To provide proper wastewater treatment, the Louisville District of the U.S. Army Corps of Engineers (USACE) played a critical role in designing an innovative septic mound system. This solution addressed unique site challenges such as poor soil conditions and environmental considerations and was instrumental in ensuring the facility’s sustainable operation moving forward.

Challenging Geology

The remote nature of the area required that the center have onsite wastewater treatment. An adjacent Army Reserve project constructed a few years earlier (St. Louis Army Reserve Center) had installed a typical septic tank and septic lateral field. However, the facility immediately encountered issues with the lateral field and assessed it to be non-functional. Failure of the lateral field necessitated the pumping of the septic tank about every four months, which has continued to the present.

The design team with Louisville District, after considering the challenges with the St. Louis Army Reserve Center septic system, the location of wetlands, the results of additional geotechnical field exploration, and the site topography, chose the most reasonable location at Weldon Spring for the septic system to support the St. Charles facility. Percolation testing in the area of the proposed septic field indicated poor soils for infiltration, having an average rate of about 118-min/in compared to the minimum desired value between 10-min/in to 60-min/in, according to the Missouri Department of Health and Senior Services.

While the soil conditions ruled out a conventional subsurface, trench type drain field, it was determined that a septic mound system could function properly, despite the site constraints.

Innovative Solution

A septic mound system places the effluent treatment area above the ground to overcome limits imposed by slowly permeable soils. The Missouri Department of Health & Senior Services allows elevated sand mounds “whenever site conditions preclude the use of absorption trenches.” Prior to finalizing a mound system design, Louisville District provided design calculations and plans to the wastewater system inspector, then met onsite to discuss. The county considered the design “an alternative septic system” and related requirements for the septic installer to have an advanced state license.

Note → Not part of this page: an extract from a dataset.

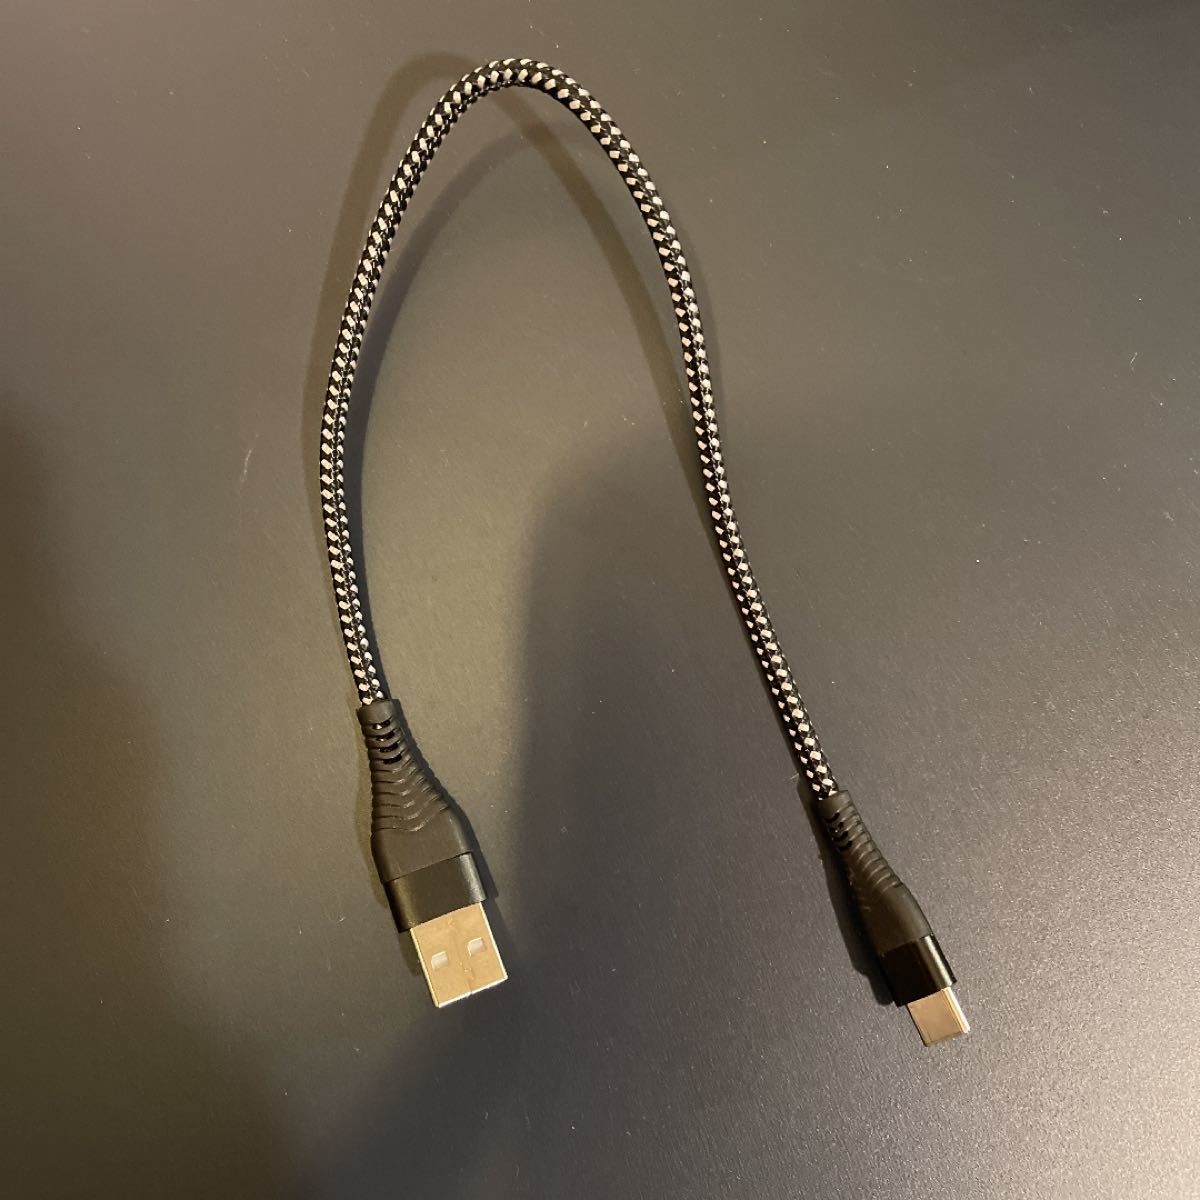 USB Type-Cケーブル 電源ケーブル

These requirements were added to the project specifications.

Components of the onsite sewage disposal system consist of gravity sanitary sewer collection, grease trap, septic tanks in series, a triplex dosing chamber, and three elevated sand mounds.

The septic tanks remove solids by settling and floatation, with some of the solids transformed into soluble material.
They are then captured by a final effluent filter prior to entering the dosing chamber.
The dosing chamber consists of two interconnected rectangular precast vaults and three alternating pumps.
These transfer effluent, under pressure, to a distribution network of small diameter perforated PVC pipes installed in a gravel bed surrounded and underlain by coarse sand fill, then covered with topsoil.
The pressure pipe network distributes the effluent uniformly over the absorption area of the mound.
The effluent percolates through the mound sand fill and infiltrates into underlying soils.
Finally, interceptor drains were constructed to divert surface and groundwater around the mound structures.

Controlling Seepage

About 10 months after the St. Charles Army Reserve center opened, a general site visit was conducted in April 2015 to identify any outstanding issues or new concerns covered under a standard one-year warranty. During the assessment, seepage, odors, and soft rutted soils (from mowing equipment) were observed at the toe of the mounds during this assessment. Knowing there was an issue affecting the septic system performance, construction personnel with the district continued to monitor the mounds.

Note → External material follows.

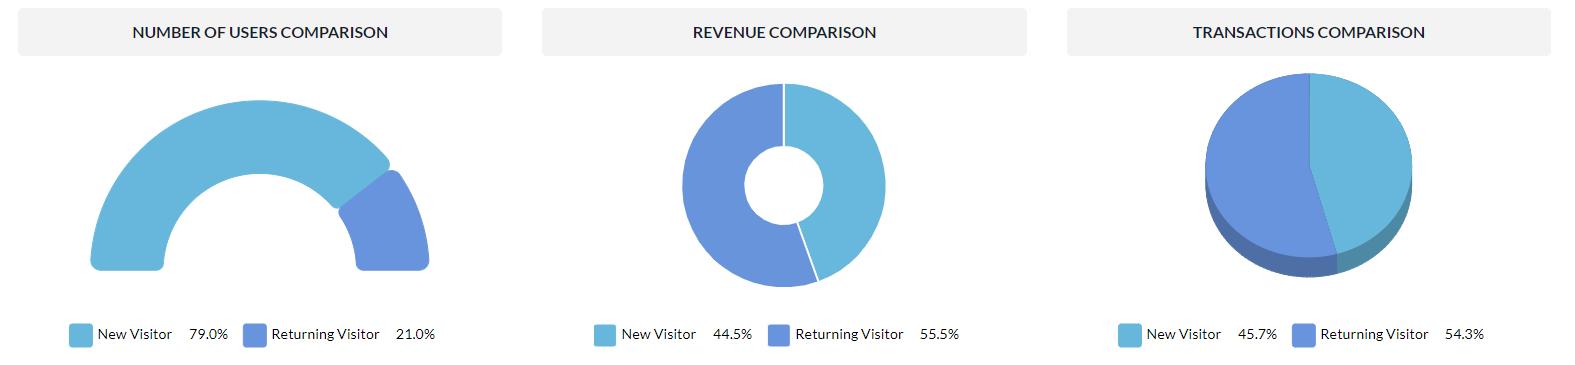 New-vs-Returning-Visitors-Ontrack-Analytics-Screenshot-Data-Visualization

In November 2015, designers investigated the cause and extent of the mound seepage. They conducted pumping volume testing, dye testing, and soil testing to determine the extent of the seepage issue. A local soil consulting firm obtained a total of nine soil samples from borings advanced within the mound footprints and adjacent to the mounds. Its evaluation concluded that the ground within the mound footprint was graded with unclassified fill material and compacted during construction, which created an impermeable surface that would not infiltrate effluent at the bottom of the sand fill media. Inflows from the perforated pressure pipes continued to enter the top layer of mound sand fill. Since this effluent could not penetrate the compacted soil interface at the bottom, the sand and topsoil mass became saturated. This increased internal hydraulic pressure until it exceeded the topsoil confinement pressure and became expressed as seepage.

The design team and facility staff considered a series of system restoration/reconstruction alternatives, but budgetary limitations and lack of additional land to accommodate construction or expansion of the septic system created challenges in selecting an appropriate repair action. In the end, subgrade remediation, specifically pneumatic subgrade fracturing, was chosen as the optimal solution because it offered rapid, minimally invasive, and economical results. This process deploys a long, narrow probe with a pneumatic hammer to penetrate soil to varying depths of 3-ft to 6-ft. Compressed air and polystyrene pellets are simultaneously injected into the soil at a controllable rate of up to 300-psi, which loosens compacted soils and creates a network of horizontal and vertical fissures. The pellets maintain open passages created by the injections of air.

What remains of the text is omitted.